Depending on your interest in certain subjects, feel free to jump ahead:
What is the Domain Name System (DNS)?
Leveraging DNS For Investigations in Your Environment
On a typical morning you might be sipping on tea or coffee when you receive an urgent email from your finance team. They received a strange request from the CFO for a prompt payment of funds, and you suspect a business email compromise. Right after your post-lunch food coma kicks in, you are tasked with incident response on something your endpoint detection picked up on, so you quickly pull the endpoint in to do some analysis. And finally, as you are about to shut your laptop for the day, you hear from a concerned manager regarding your organization’s owned infrastructure. Is there an exhaustive list of domains owned by your organization? Is this obscure domain just something marketing forgot to share with your team? Or is an attacker looking to target your organization? In order to take appropriate action on the following scenarios and finish out your day at a reasonable hour, one question you’ll likely ask yourself is “what datasets do I have at my disposal to gain additional insight and context to resolve these scenarios?”
The purpose of this blog series is to highlight a number of datasets proven by experienced IR teams to be valuable when analyzing network infrastructure. Throughout this series, I’ll provide some context as to why the datasets exist, how they interact with your own internal threat intelligence, and their key strengths and limitations. I feel a bit like a Southwest Airlines flight attendant when I say “we know you have many choices when it comes to selecting your threat intelligence, and we thank you for choosing [enter dataset here] for your investigations!”, but in reality, many folks like yourself are juggling a multitude of internal and external intel, so I hope this blog highlights some tools that exist in your proverbial toolbox, and can help identify when they are valuable to pull off your “threat intelligence pegboard.” This way when you look at the aforementioned scenarios, you have confidence that you didn’t miss the signal.
In this blog, I’ll be focusing on the Domain Name System (DNS). To name a few of its components, you have IP addresses, nameserver hostnames and IP information, Start of Authority (SOA) records, and Top Level Domains (TLDs). Looking at these types of data in a vacuum is nowhere near as valuable as understanding their relationships to one another (and other datasets), so I would be remiss if I didn’t remind you to read Joe Slowik’s masterpiece “Analyzing Network Infrastructure as Composite Objects,” where he illustrates how to analyze network observables according to their relationships and patterns of composition, which in turn yields insights into adversary behaviors, enriching the value of the network indicator.

Credit: Joe Slowik
As one can imagine, DNS is our cup of tea here at DomainTools. For a short period of time, we joked internally about starting a series called “Drunk DNS” (a clever parody of the History Channel’s Drunk History). Of course, DNS is both celebrated and cursed throughout the security industry (depending on the day). The late Dan Kaminsky, who discovered a fundamental flaw in DNS back in 2008 declared “it’s always DNS”. A similar sentiment is shared in a popular haiku.
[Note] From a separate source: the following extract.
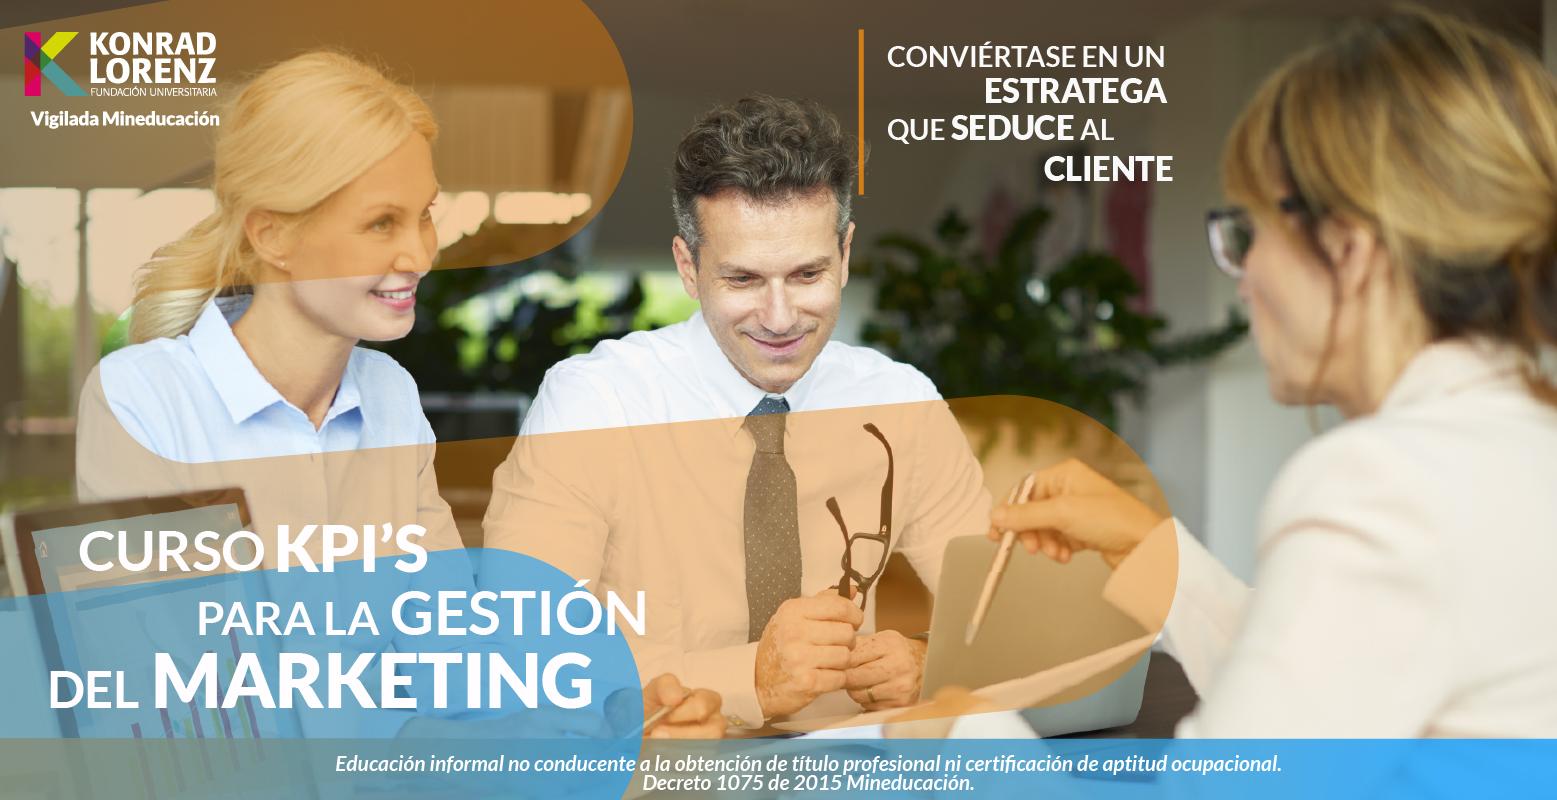 KPIs para la Gestión del Marketing

DNS is quite robust and vast and as a result many folks portray its complexities as security shortcomings. While it’s true that it can be abused and create security risks, the richness of DNS also makes it a treasure trove of information, and as an industry we are only scratching the surface by taking advantage of a small number of DNS records. But to set the stage, let’s begin with why DNS exists and how it operates.
The process of DNS, which I’ll explain here in a moment, dates back to the days of ARPANET. SRI International (known previously as The Stanford Research Institute) maintained a text file referred to as HOSTS.TXT that mapped host names to the numerical addresses of computers on the ARPANET. This process was developed by American information scientist, Elizabeth Feinler. These addresses were assigned manually. You could call into the SRI’s Network Information Center (NIC) and they would grab a computer’s hostname and address and add them to the primary file.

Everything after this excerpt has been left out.